Alarm bells continue to ring in the buy-to-let sector as the gap between the supply and demand for decent rental housing becomes even wider.

ARLA Propertymark members have reported that more prospective tenants are seeking properties, while stock diminishes. Their figures for April show there were 70 would-be tenants on average for each branch in January, compared to 59 in December. In contrast, supply dropped from 200 to 184 in the same period. The research is based on the response from 361 of its members, who also reported that 19% faced rent increases in January, compared to 16% in December.

ARLA Propertymark chief executive, David Cox, warns that renters are in for a tough 2018, if these figures are an indication of what the year holds. He pointed out that established landlords are being forced out of the market because of increased taxes. This is also putting off people who may have considered entering the sector. Thus, housing stock falls at the same time as the number of tenants increases because they cannot afford to buy a home. He said that tenants will continue to feel the pressure in terms of rent rises and dwindling stock until the buy-to-let market looks like a more attractive proposition for landlords.

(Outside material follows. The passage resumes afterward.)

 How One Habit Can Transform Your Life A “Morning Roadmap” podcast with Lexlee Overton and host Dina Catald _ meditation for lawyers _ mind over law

These sentiments are backed up by figures from Your Move. Its rental tracker for England and Wales for February shows the annual growth of rents has gone up from 2.3% in December, by another 0.2% to 2.5% in January. The average rent for England and Wales is now £829. The fastest-growing rents are in the North West and East Midlands, which have risen 2.9% annually to an average of £636 and £652 per month, respectively. As expected, London remains the most expensive place for tenants, with average rents of £1,276 a month, although this does actually reflect a decrease of 0.8% annually. The North East remains the cheapest place for tenants in the UK and it had the biggest percentage fall of 2% to £534 a month.

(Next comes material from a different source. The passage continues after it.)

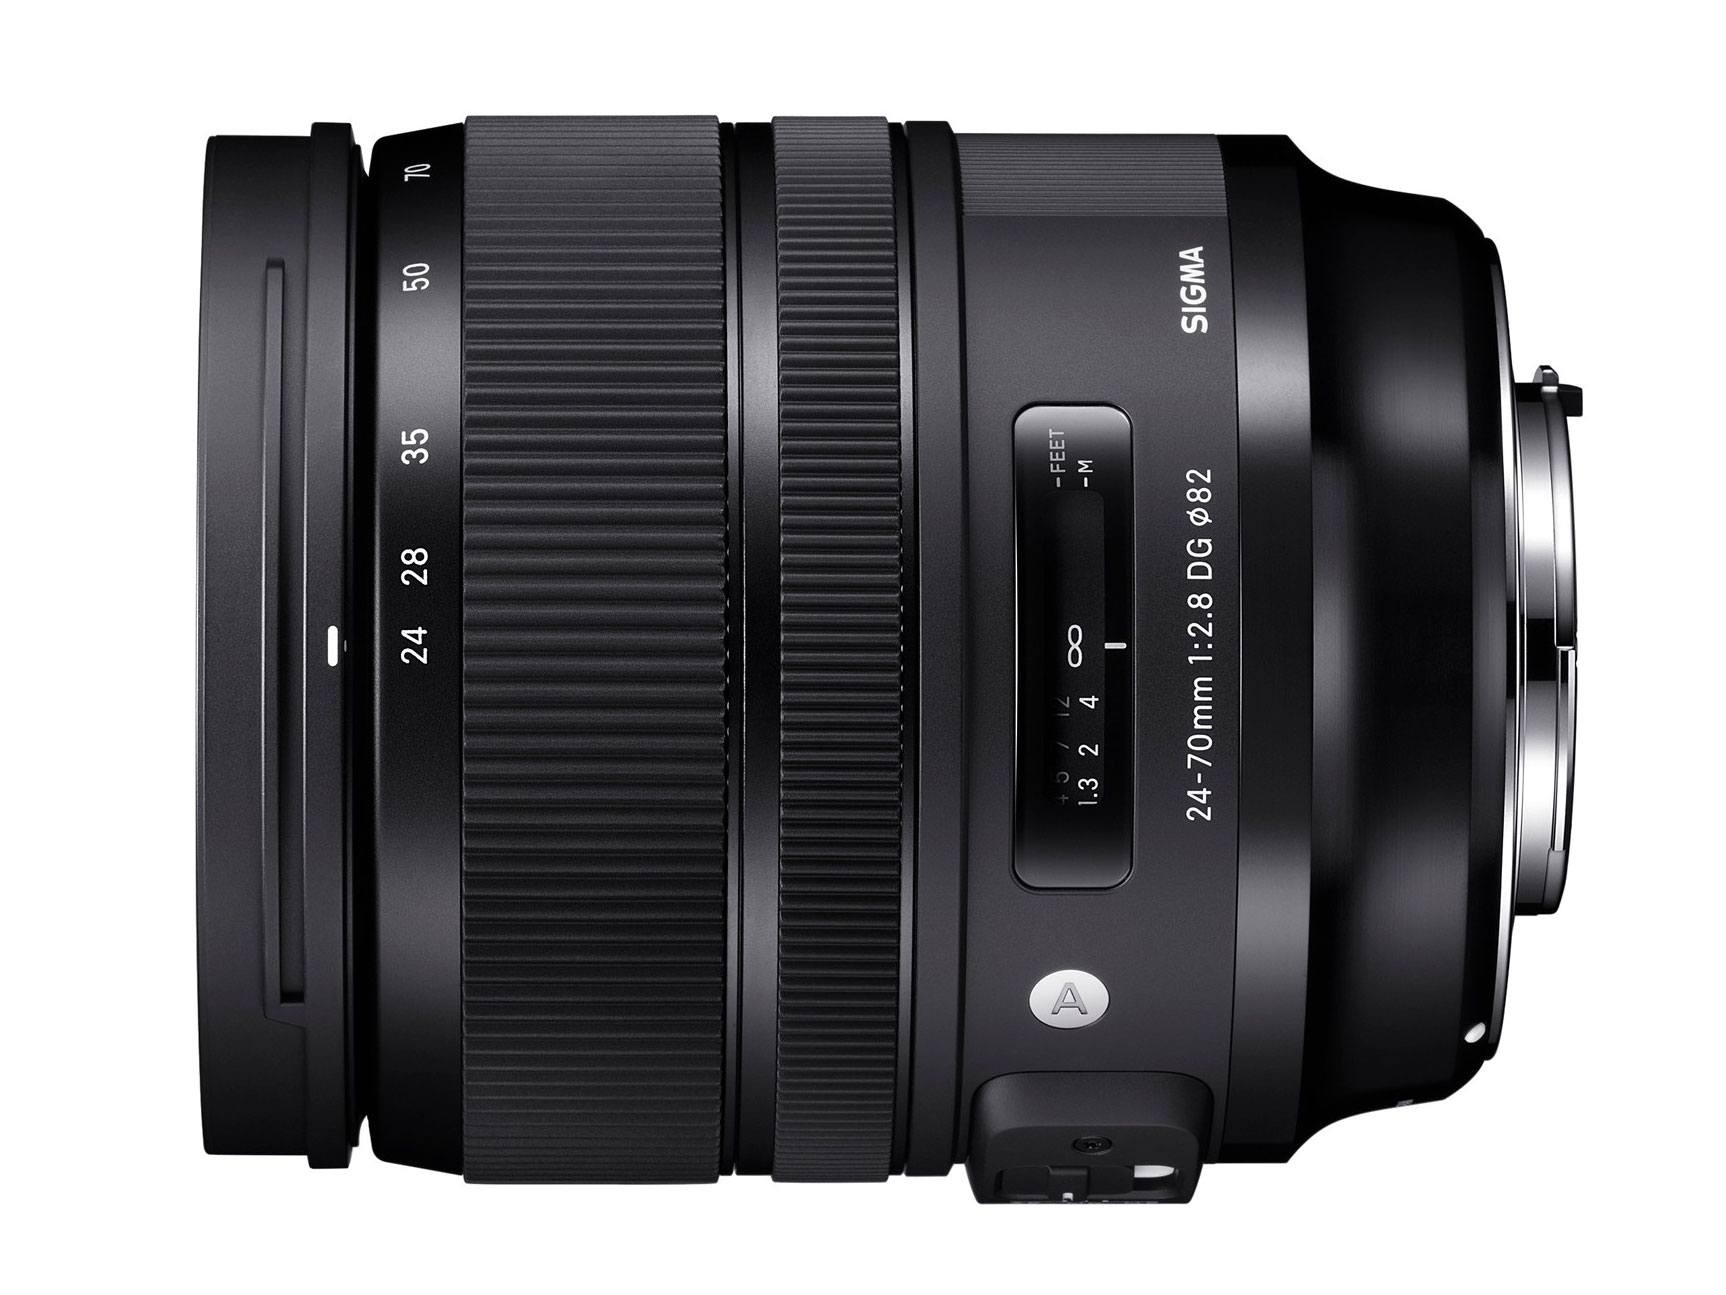 Sigma 24-70mm F/2.8 DG OS HSM A for Nikon review: Good value

Whilst the government concentrates on trying to increase home ownership, the people it is trying to help are feeling the pinch. Not only are rents increasing, but renters face more competition from fellow tenants for the properties that are available. If rents continue to rise, they will find it even more difficult to save up for a deposit to get on to the property ladder. Instead of penalising landlords with increased taxes and stamp duty, the government should be looking at ways to encourage further investment in the buy-to-let and build-to-let sectors.